In another incident, Toombs was drinking at home and repeatedly called Poffenberger complaining of noise at his neighbor's house, according to Poffenberger's DOJ statement.

Toombs demanded that Poffenberger make an arrest even though he did not have grounds to do so.

During a 2015 burn ban, Poffenberger was called to a house in Echo on a report of a fire burning in the front yard. It was Toombs' home and he was sitting next to the fire. He refused to put out the fire even after learning of the ban, according to Poffenberger.

Among other allegations, Poffenberger also reported that Toombs illegally arrested a truck driver for indecent exposure and searched his truck after he stopped on the side of the road to relieve himself. A state police trooper determined that Toombs did not have probable cause for arrest or search, Poffenberger claimed.

DOJ is also investigating accusations that Zumwalt seized a revolver from a motorist but failed to log it into evidence in connection with the stop, and that he failed to investigate complaints about Toombs made by McBride and Poffenberger.

On November 19, 2015, Stanfield City Manager W. Blair Larsen told reporters that Zumwalt and Toombs were still working because he was not aware of any criminal wrongdoing. By the end of the day, however, both men had been placed on paid administrative leave. Larsen refused to say why. "We're doing the best we can to address everybody's rights," Larsen   said.

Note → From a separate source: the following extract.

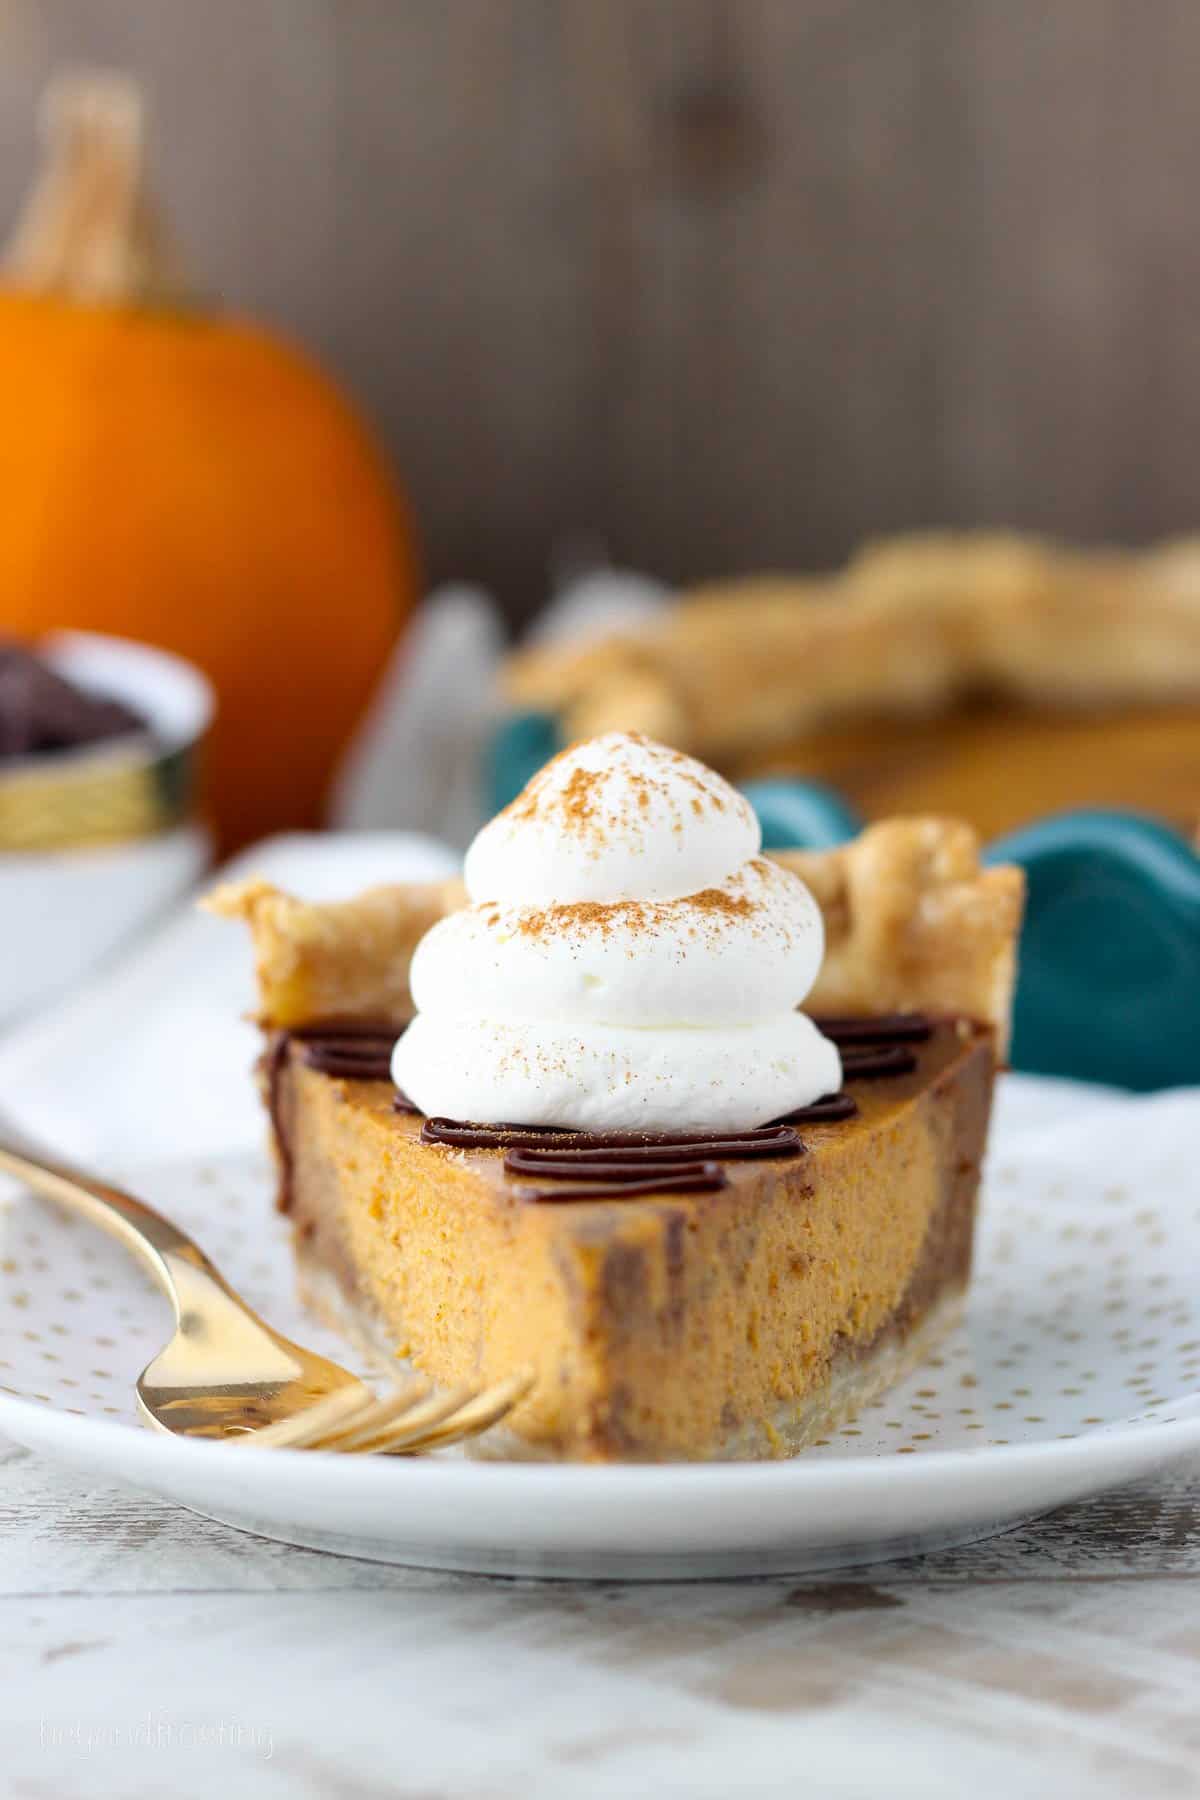 front view of a slice of chocolate pumpkin pie topped with whipped cream and chocolate ganache

The move left Poffenberger as the last man standing in the Stanfield police department.

The city has requested additional patrols from the Umatilla County Sheriff s Office and Hermiston Police Department.

Zumwalt and Toombs did not return calls for comment. DOJ Spokeswoman Kristina Edmunson also declined to comment on the pending  criminal  investigation.

"It'll all come out eventually," said Stanfield City Council Member Jack Huxoll. We will be sure to let you know when it does.